The other basic kind of XML parser is known as SAX, or Simple API for XML. You provide callback functions that are called whenever the parser runs across the start of a tag, end of a tag, character data, and…that’s it. Whatever processing you want to do you have to do in those callback functions. So if you’re just, say, counting the number of <key> tags in a document this works really well. It’s also much faster than the DOM-style parser, since it doesn’t have to generate a giant tree structure. But doing the sorts of processing we’re doing on the library file seems a bit more tricky.
Anyway, I take a stab at it, and after a bit end up with version 2 of the script. Notice that the logic in the Handler class is a bit twisted – we have to keep track of where we are in the document (so if things get out of order we’ll have problems) and use a state-based system which is a bit brittle and unclear.

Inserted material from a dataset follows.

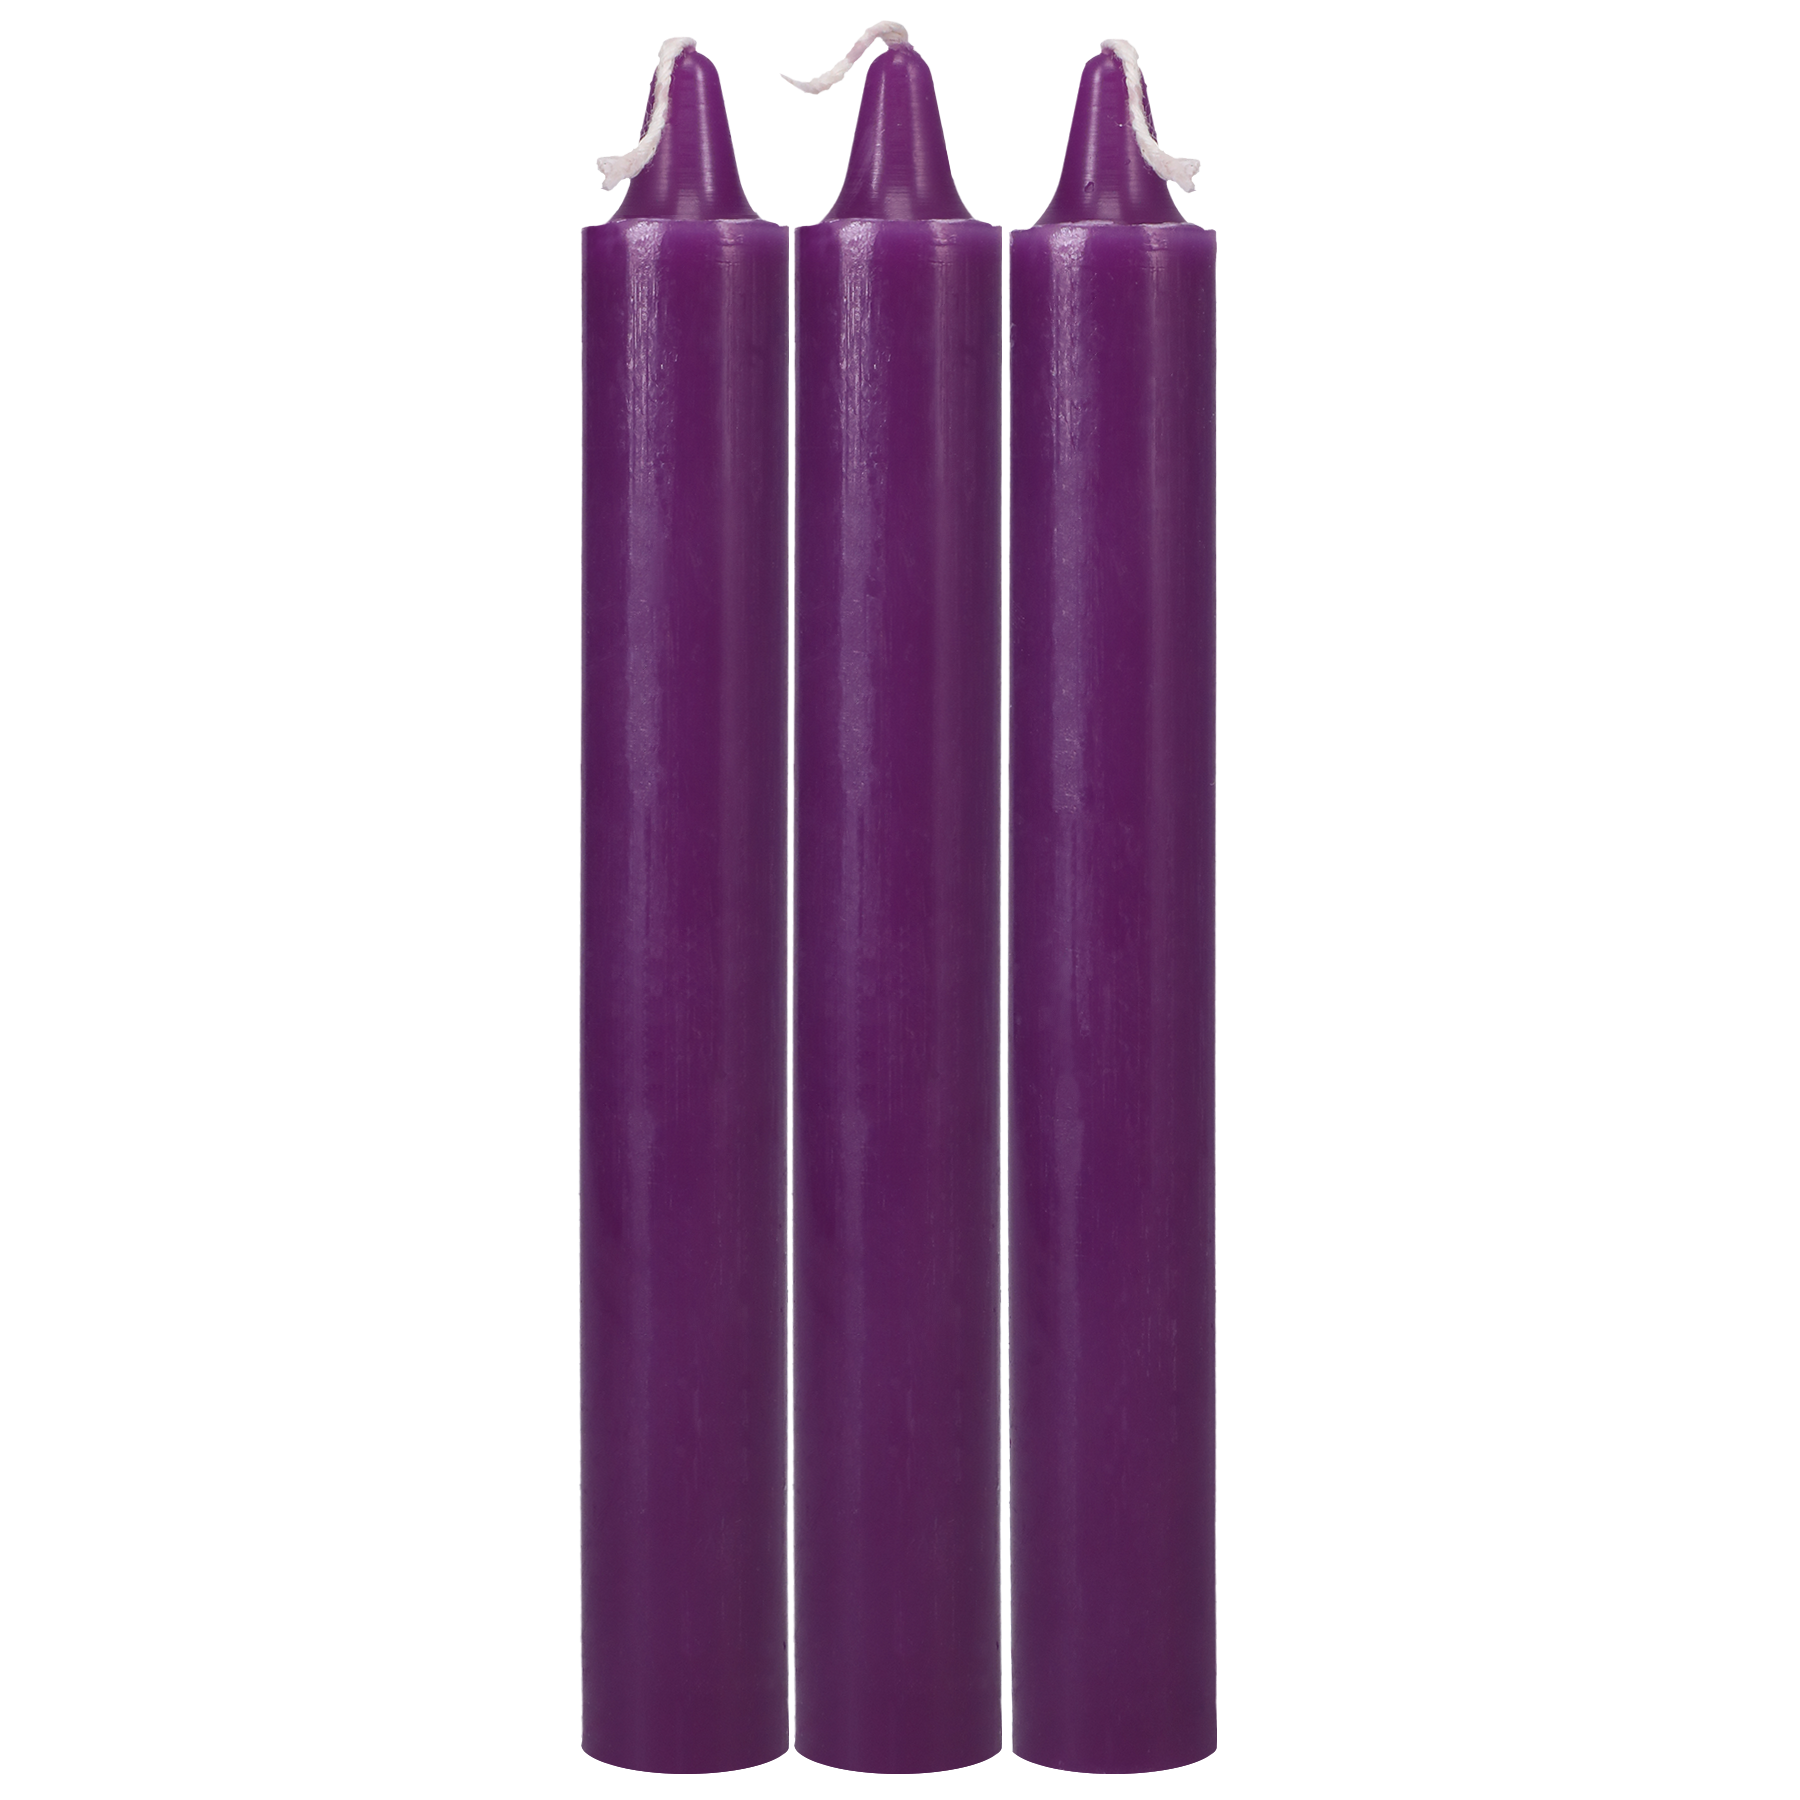 Japanese Drip Candles - Set of 3, Purple - Thorn & Feather Sex Toy Canada

But how does it perform? The old version of the script ran in 114 seconds, and this version runs in 71 seconds for a ~60% increase in speed. But really, it’s better than that, because the database operations still take around 50 seconds – if we subtract that from both we get 64 seconds versus 21 seconds which is a ~200% increase in the speed of the parsing.
Conclusion: This was a big success! Most of the time is now in the database layer, which I have some ideas for speeding up next time.